Figure 1: Example of FCAW-G Welding
Regarding the second issue, using more than the recommended percentage of argon in the mixed shielding gas can result in higher than expected weld metal tensile strength. First, note that per the AWS filler metal specification, an AWS E71T-12M-JH8 classified electrode (i.e., “T-12” electrode) not only has a minimum tensile strength requirement of 70,000 psi or 70 ksi (483 MPa), it also has a maximum tensile strength requirement of 90,000 psi or 90 ksi (620 MPa). Electrodes with two other very common “T-1” and “T-9” classifications (e.g. E71T-1M / E71T-9M), have a minimum tensile strength requirement of 70 ksi (483 MPa) and maximum tensile strength requirement of 95 ksi (655 MPa).
Second, note the affect that each type of shielding gas has on the deposited weld metal chemistry. CO2 is an active (i.e. reactive) gas. It will react with or “burn up” some of the alloy from the electrode in the arc, resulting in less alloy recovery in the weld metal. This in turn results in a slight decrease in the weld metal’s yield and tensile strength. On the other hand, argon is an inert (i.e., non-reactive) gas. It does not react with the alloys from the electrode in the arc. Therefore, the greater the percentage of argon in an Ar/ CO2 shielding gas mix, the greater the alloy recovery from the electrode in the weld deposit. And the more alloy recovery in the weld deposit, the higher its resulting yield and tensile strengths. This affect can be seen in the published literature of a “dual” type gas-shielded, flux-cored electrode which is designed for use with both 100% CO2 and an Ar/ CO2 mix. Table 1 shows the typical weld deposit composition and mechanical properties of such an electrode. Note the differences, in particular, between manganese (Mn) and silicon (Si) levels, as well as yield and tensile strength between the weld deposits made using 100% CO2 shielding gas and those using 75% Ar / 25% CO2 shielding gas.
Table 1: Deposition composition and mechanical properties results of a typical gas-shielded flux-cored wire designed for use with both CO2 and an Ar/CO2 blend.
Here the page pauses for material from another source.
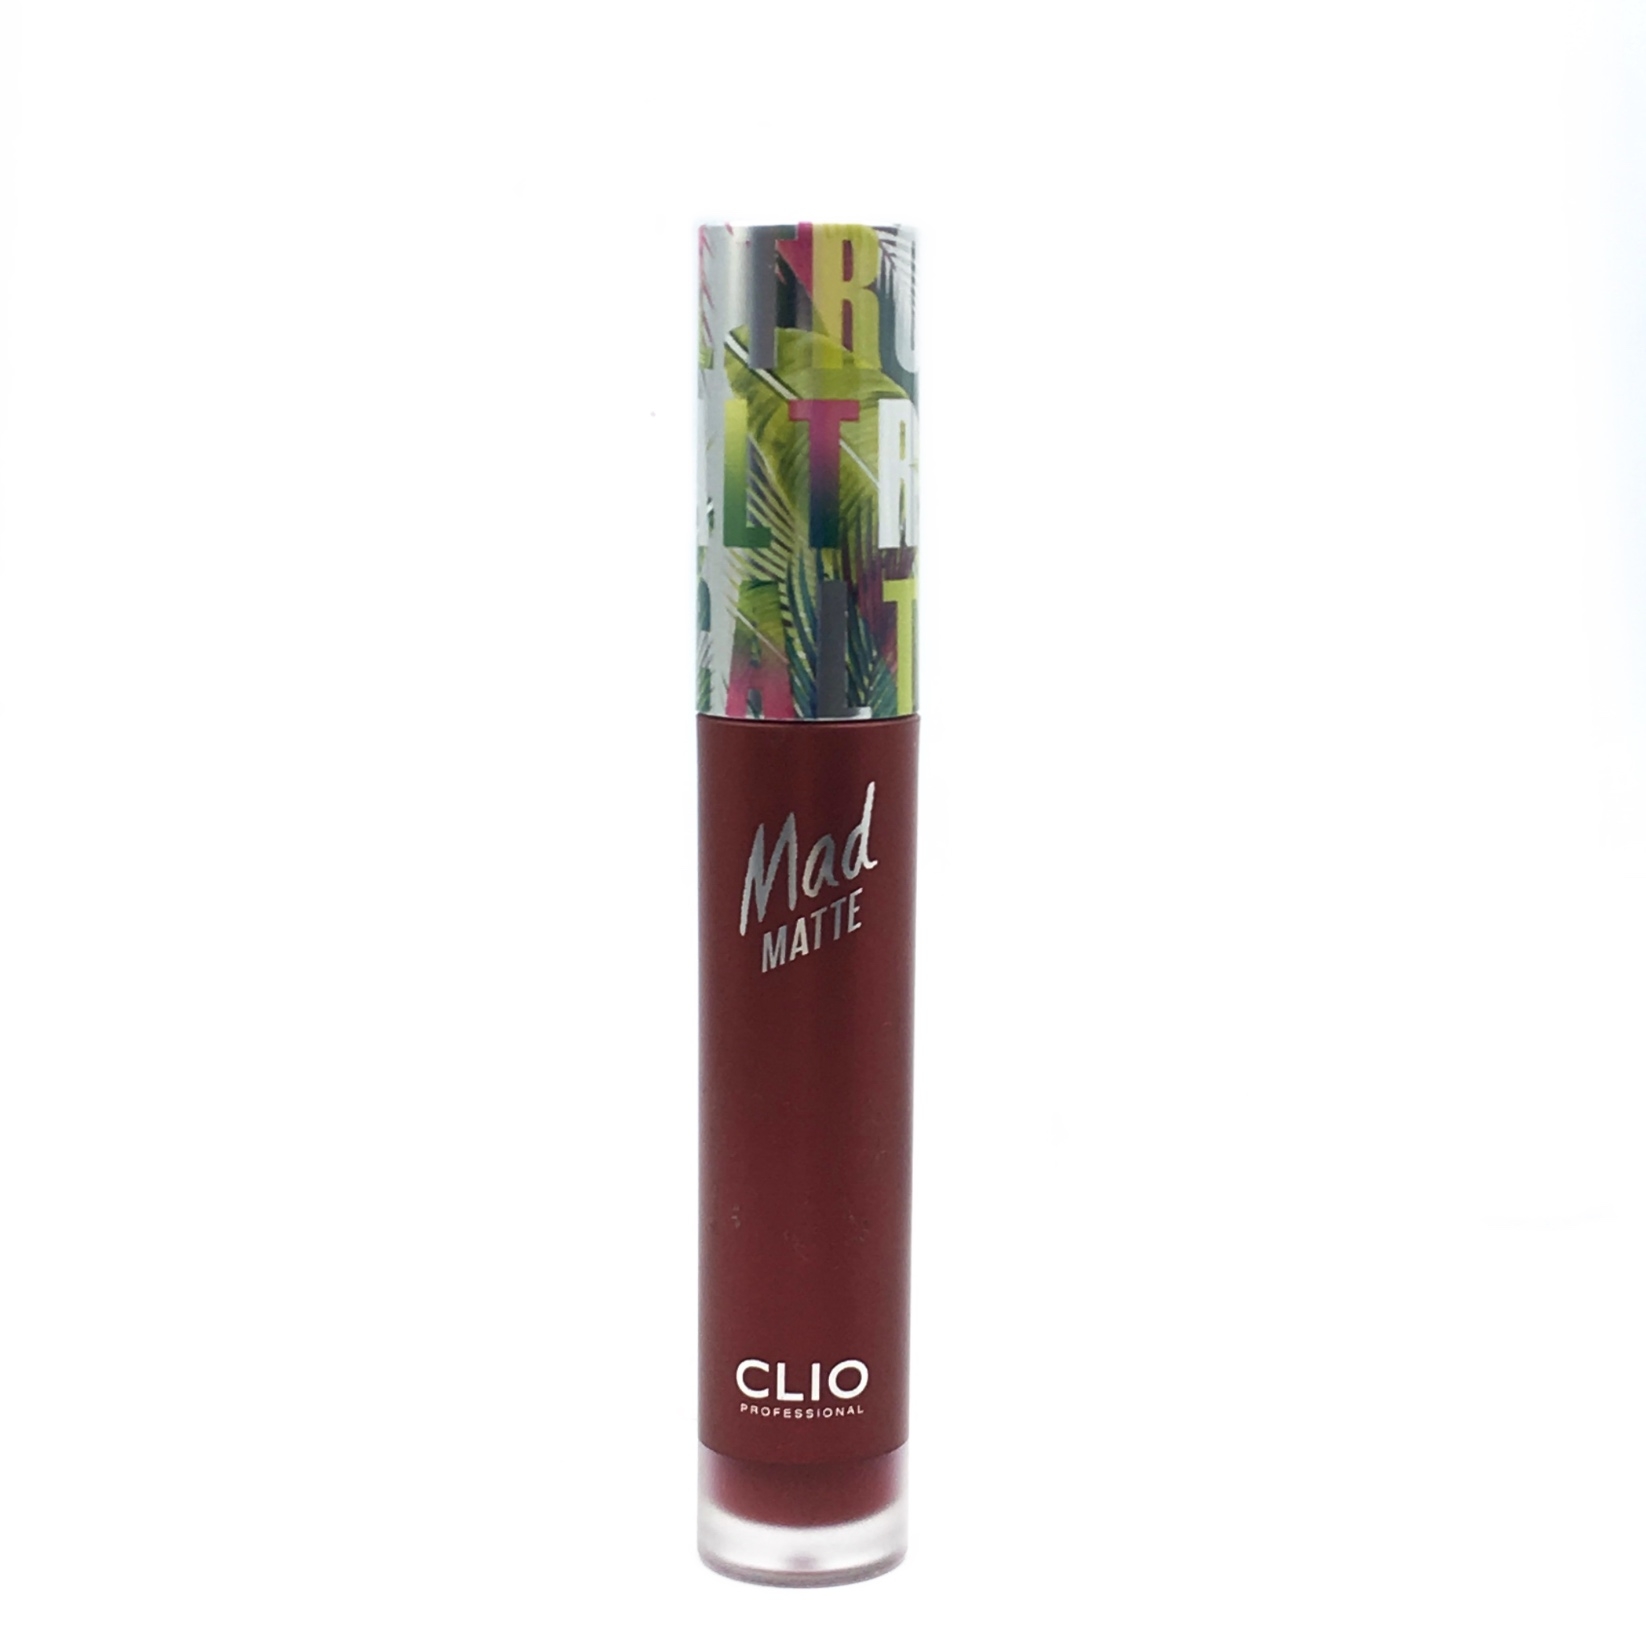 Clio Berryboost Tropical Mad Matte Lips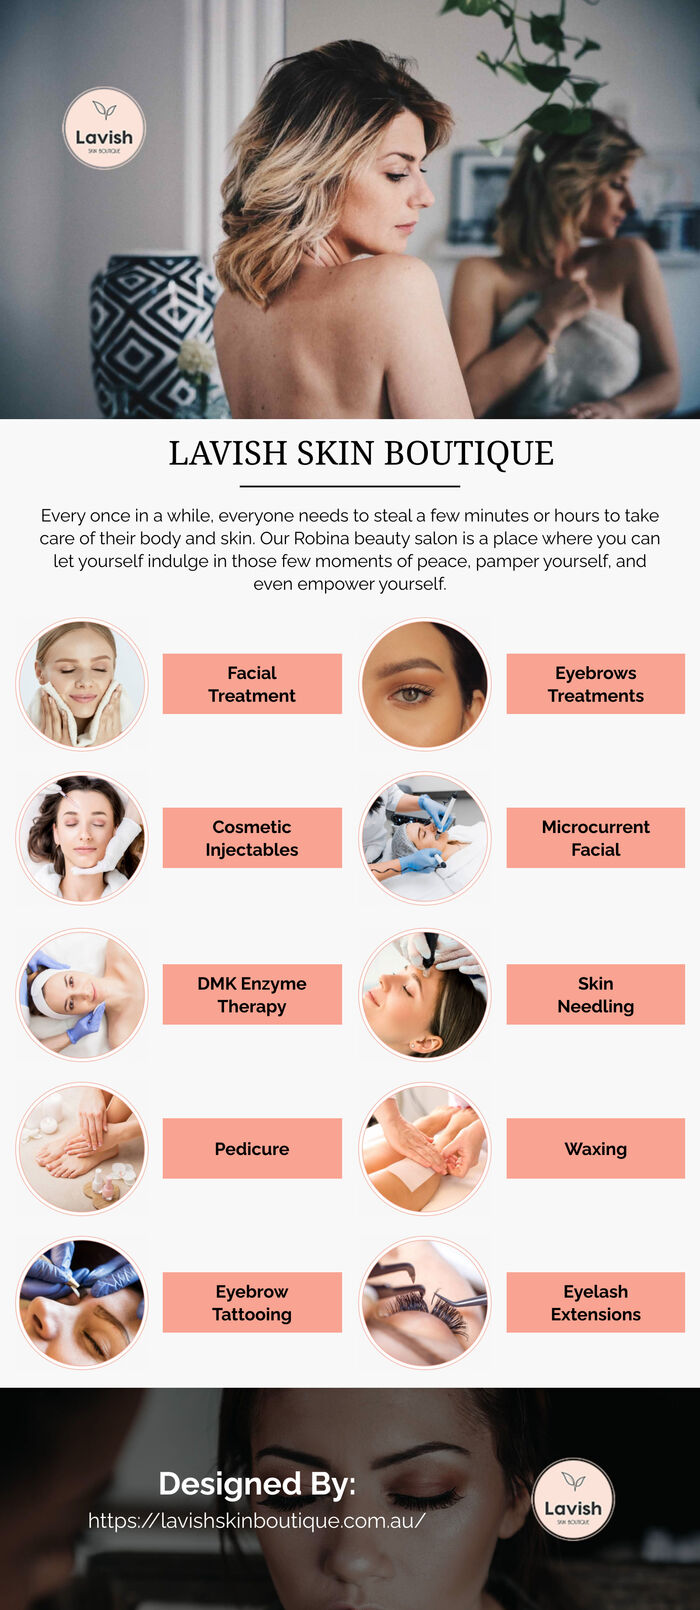 This infographic is designed by Lavish Skin Boutique

Manufacturers of gas-shielded, flux-cored electrodes carefully control the alloy levels in their products such that when used with their recommended percentages of argon in a mixed shielding gas, the resulting yield and tensile strengths of the weld metal will be within the electrode’s allowable minimum and maximum range. However, if you use a higher percentage of argon then recommended, there will be more alloy recovery in the weld metal, resulting in higher strength levels. In general, as the weld metal's tensile strength increases, it becomes less ductile (i.e., more rigid) and therefore more sensitive to cracking as the weldment cools. An additional preheating operation may then be necessary to help reduce the tendency for solidification cracking issues.
Now for a particular welding application, there may be no maximum weld strength requirement. That decision is up to the design engineer for that particular welding application. However, in general, it is not recommended to exceed a gas-shielded, flux-cored electrode manufacturer’s recommendation for maximum percentage of argon used in the mixed shielding gas. With the proper Ar/ CO2 shielding gas mix, the electrode should produce a weld deposit with the specified minimum tensile strength. Using a higher percentage of argon, with a resulting increase in the weld metal’s tensile strength, provides no additional value. However, it does potentially increase the chances of weld cracking issues. For your particular electrode, the recommendation would be to not use a shielding gas with more than 80% argon.